The 3D points are just 3 doubles for coordinates X,Y and Z.

3DPoint:

class Point3D
{
    public double X { get; set; }
    public double Y { get; set; }
    public double Z { get; set; }
}

The Question:

Can I find the distance between two 'Lines' and the endpoints of that distance 'Line'. Here is an Image to Better Illustrate What I am trying to Achieve I know that this question seems programmatically oriented. But the true issue is a math question at heart.
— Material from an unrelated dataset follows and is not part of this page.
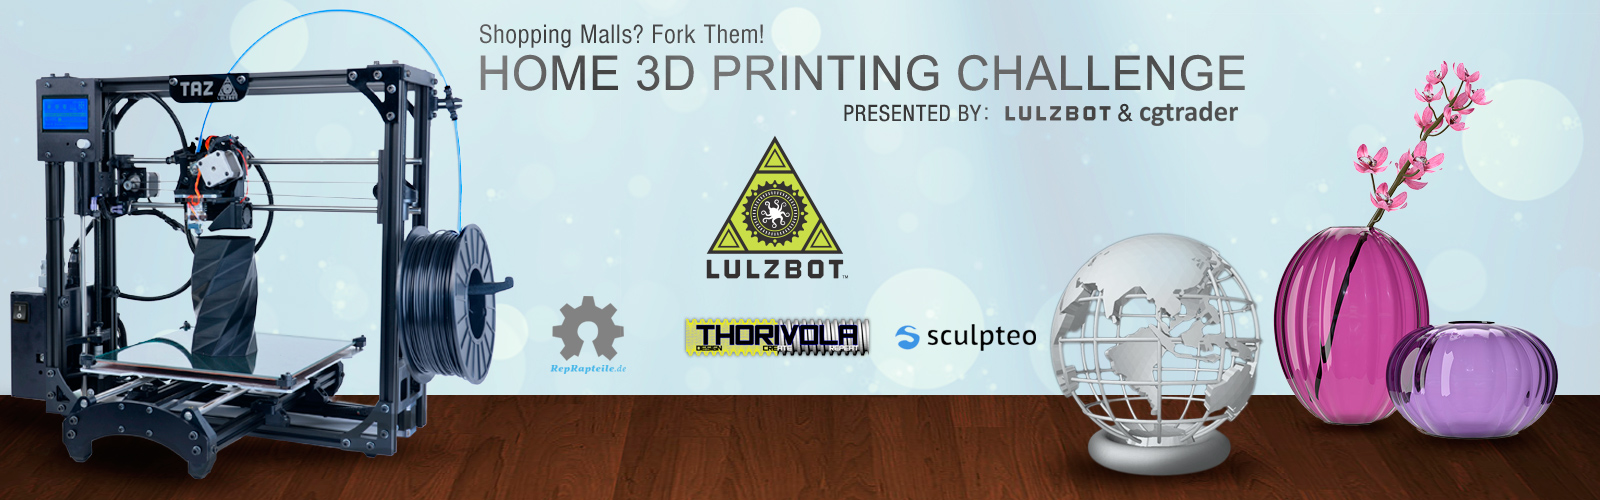 Home 3D Printing Challenge
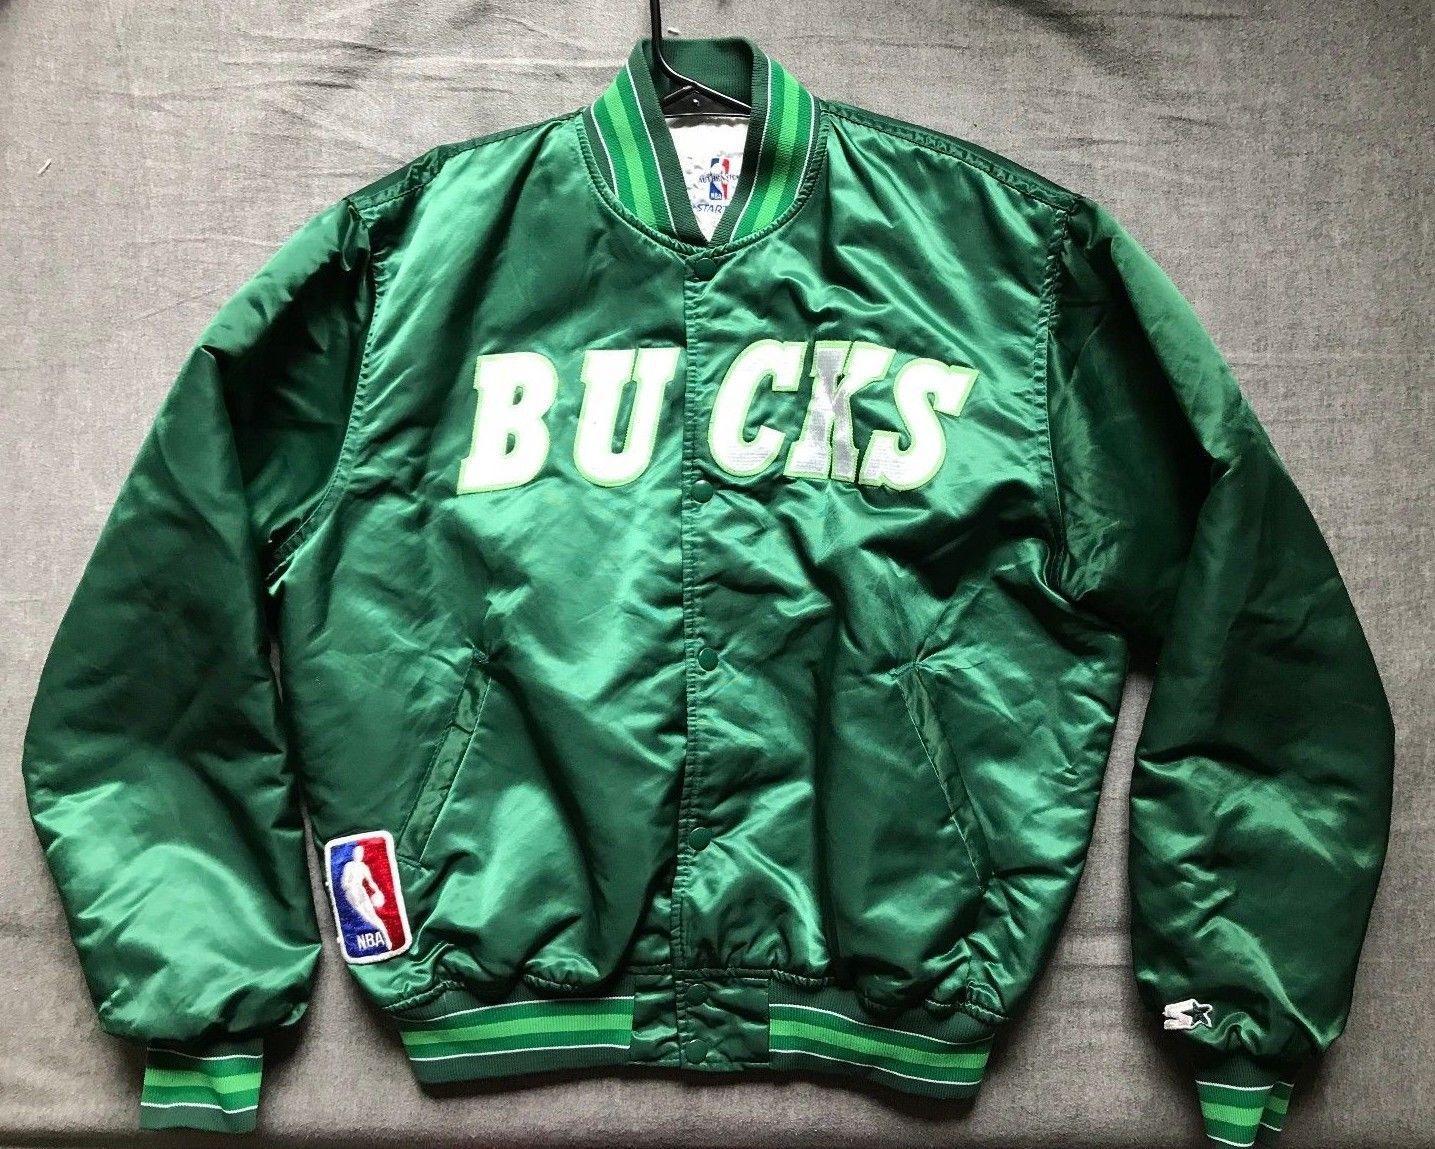 9c177dfc Men's vintage Starter NBA Milwaukee Bucks satin jacket size XL ...

Thank you in advance for your understanding.

What I have:

Currently, I can successfully get the distance between the two lines with this code (Adapted From Here Using the Segment To Segment Section):

    public double lineNearLine(Line l1, Line l2)
    {
        Vector3D uS = new Vector3D { X = l1.Start.X, Y = l1.Start.Y, Z = l1.Start.Z };
        Vector3D uE = new Vector3D { X = l1.End.X, Y = l1.End.Y, Z = l1.End.Z };
        Vector3D vS = new Vector3D { X = l2.Start.X, Y = l2.Start.Y, Z = l2.Start.Z };
        Vector3D vE = new Vector3D { X = l2.End.X, Y = l2.End.Y, Z = l2.End.Z };
        Vector3D w1 = new Vector3D { X = l1.Start.X, Y = l1.Start.Y, Z = l1.Start.Z };
        Vector3D w2 = new Vector3D { X = l2.Start.X, Y = l2.Start.Y, Z = l2.Start.Z };
        Vector3D u = uE - uS;
        Vector3D v = vE - vS;
        Vector3D w = w1 - w2;
        double a = Vector3D.DotProduct(u, u);
        double b = Vector3D.DotProduct(u, v);
        double c = Vector3D.DotProduct(v, v);
        double d = Vector3D.DotProduct(u, w);
        double e = Vector3D.DotProduct(v, w);
        double D = a * c - b * b;
        double sc, sN, sD = D;
        double tc, tN, tD = D;
        if (D < 0.01)
        {
            sN = 0;
            sD = 1;
            tN = e;
            tD = c;
        }
        else
        {
            sN = (b * e - c * d);
            tN = (a * e - b * d);
            if (sN < 0)
            {
                sN = 0;
                tN = e;
                tD = c;
            }
            else if (sN > sD)
            {
                sN = sD;
                tN = e + b;
                tD = c;
            }
        }
        if (tN < 0)
        {
            tN = 0;
            if (-d < 0)
            {
                sN = 0;
            }
            else if (-d > a)
            {
                sN = sD;
            }
            else
            {
                sN = -d;
                sD = a;
            }
        }
        else if (tN > tD)
        {
            tN = tD;
            if ((-d + b) < 0)
            {
                sN = 0;
            }
            else if ((-d + b) > a)
            {
                sN = sD;
            }
            else
            {
                sN = (-d + b);
                sD = a;
            }
        }
        if (Math.Abs(sN) < 0.01)
        {
            sc = 0;
        }
        else
        {
            sc = sN / sD;
        }
        if (Math.Abs(tN) < 0.01)
        {
            tc = 0;
        }
        else
        {
            tc = tN / tD;
        }
        Vector3D dP = w + (sc * u) - (tc * v);
        double distance1 = Math.Sqrt(Vector3D.DotProduct(dP, dP));
        return distance1;
    }

What I Need:

Is there any way to determine the endpoints of the displacement vector 'dP' from the code above? If not, can anyone suggest a better method for finding minimum distance and the endpoints of that distance?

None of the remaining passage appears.